Problems with the Allegory of the Cave

Although I think the Allegory of the Cave is an interesting hypothetical much like Zhuang Zhou's dream of a butterfly, I'm not so sure about the leap to government by the philosophers.  Plato says that the man who has seen the outside the cave should return and try to influence those still in the cave to go out and see the light or, at least, to guide them as his new knowledge dictates.  Within the context of the hypothetical, this certainly seems reasonable.  However, where I don't really follow Plato is when he says that the man who has been outside the cave is comparable to a philosopher in real life.  The problem with this comparison as I see it is that the man who is released from the cave gains a tangible experience not available to anyone else--he has real information that nobody inside the cave has.  A philosopher merely uses experiences available to everyone to come up with theories about things.  It seems to me like Plato would be more like a particularly thoughtful person inside the cave, who is just as likely to think that he is merely a figure in a butterfly's dream as he is to realize that he is in a cave.  That is, in real life there is no clear, demonstrable delineation between people who have "correct" philosophies--i.e., those who know they are in a cave--and people who do not; we cannot leave the cave.  From this perspective, the conclusions of the Allegory (that philosophers like Plato are the only ones who see the world as it is and thus the only ones deserving of leadership) seem rather self-aggrandizing.  Besides, I have never really liked the idea of the tangible world being a shadow of some "more real" world--I think Occam's razor provides a much more practical and elegant way of thinking about things.

1 comment:

Brooke M. Hathaway said...

I completely agree.
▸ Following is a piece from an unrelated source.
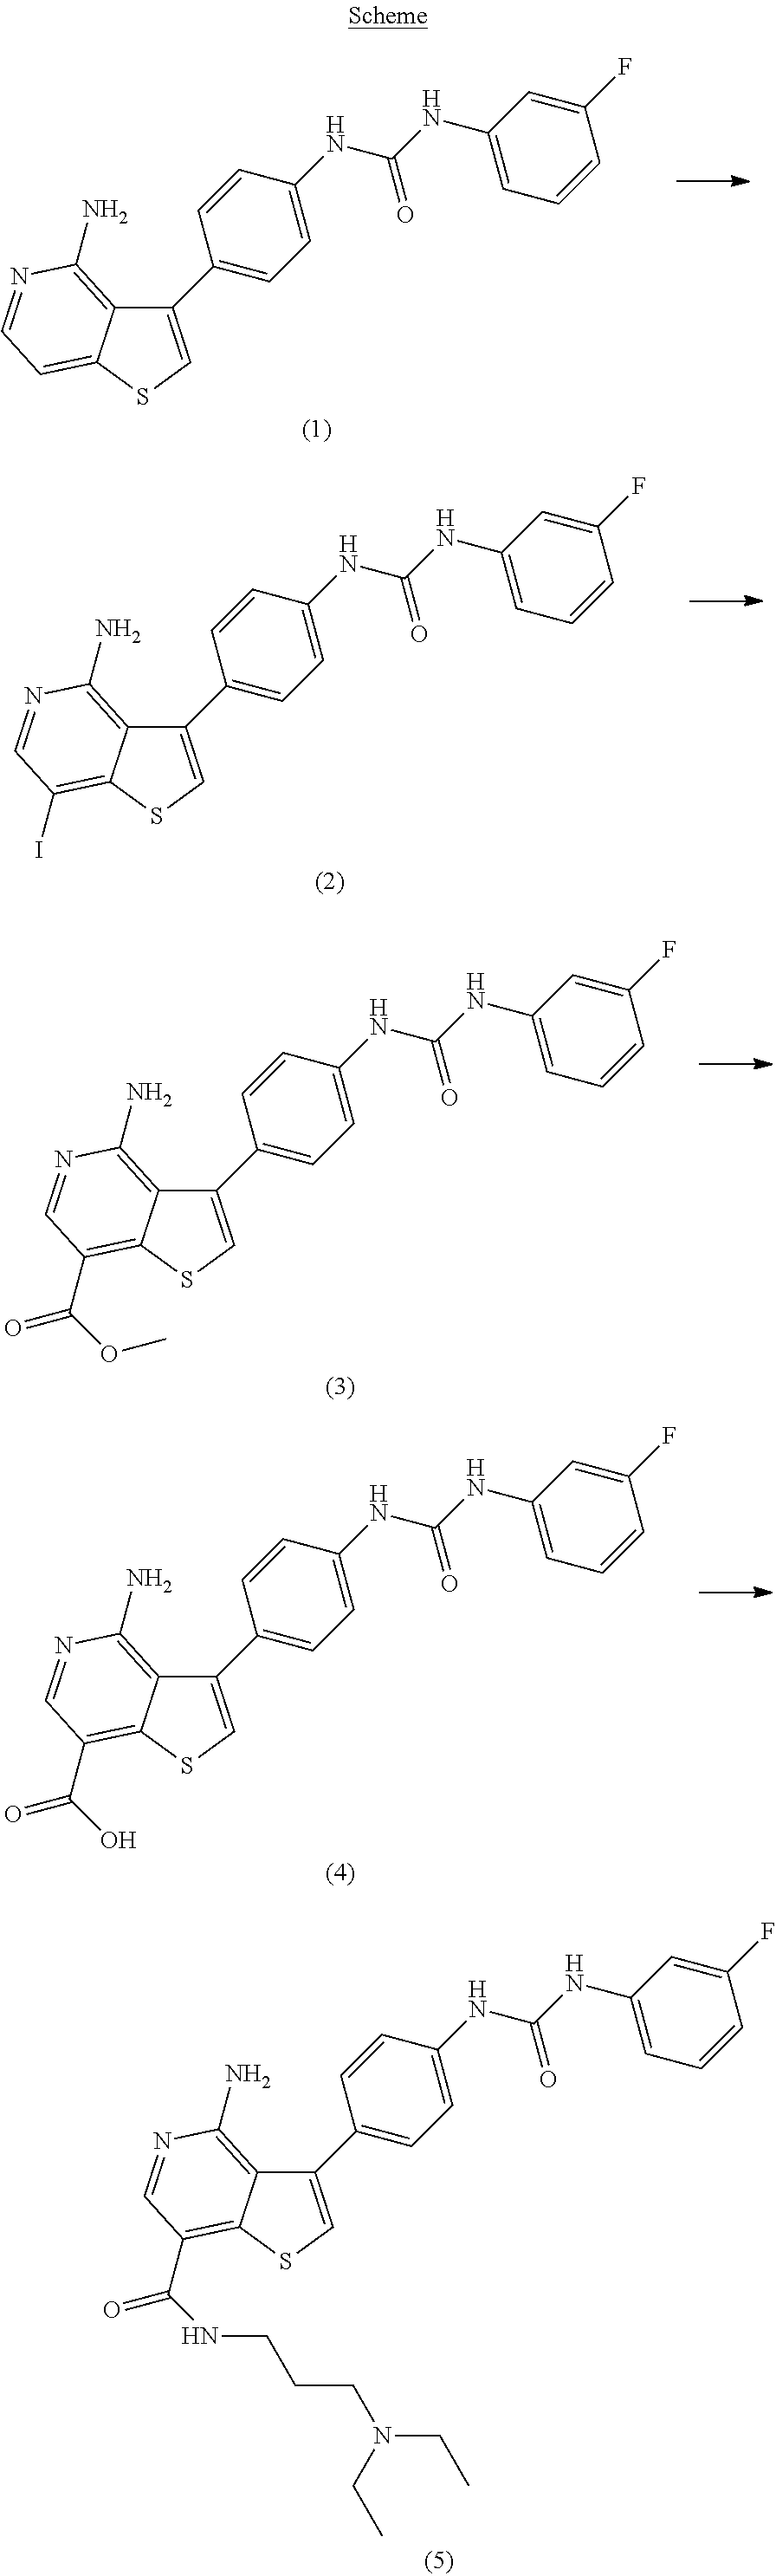 Kinase inhibitor with improved solubility profile
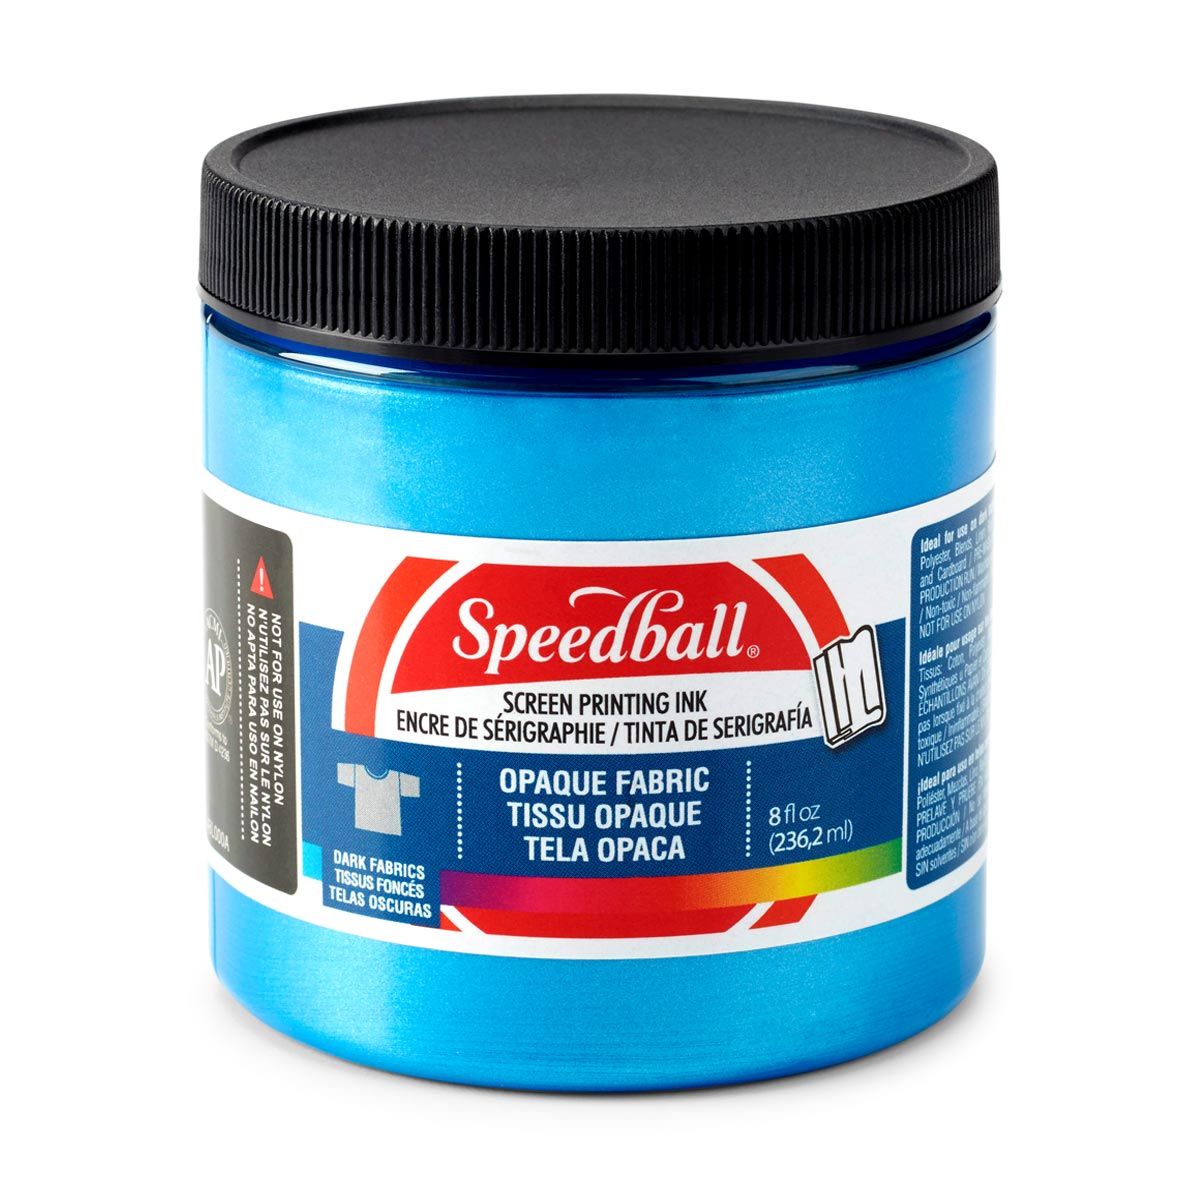 Speedball Iridescent Opaque Fabric Screen Printing Ink - Blue Topaz 8oz

I also found the process of "enlightening" the people still inside the cave troubling, which we talked about in class. I still don't see how they choose who gets to be enlightened. And doesn't the fact that the chose certain people and not everyone kind of contradict like 90% percent of the moral of the allegory? The enlightened cave person feels it's his duty to enlighten those in the cave so that they can live according to the truth as well, yet he is only able to enlighten a percentage of the cave people?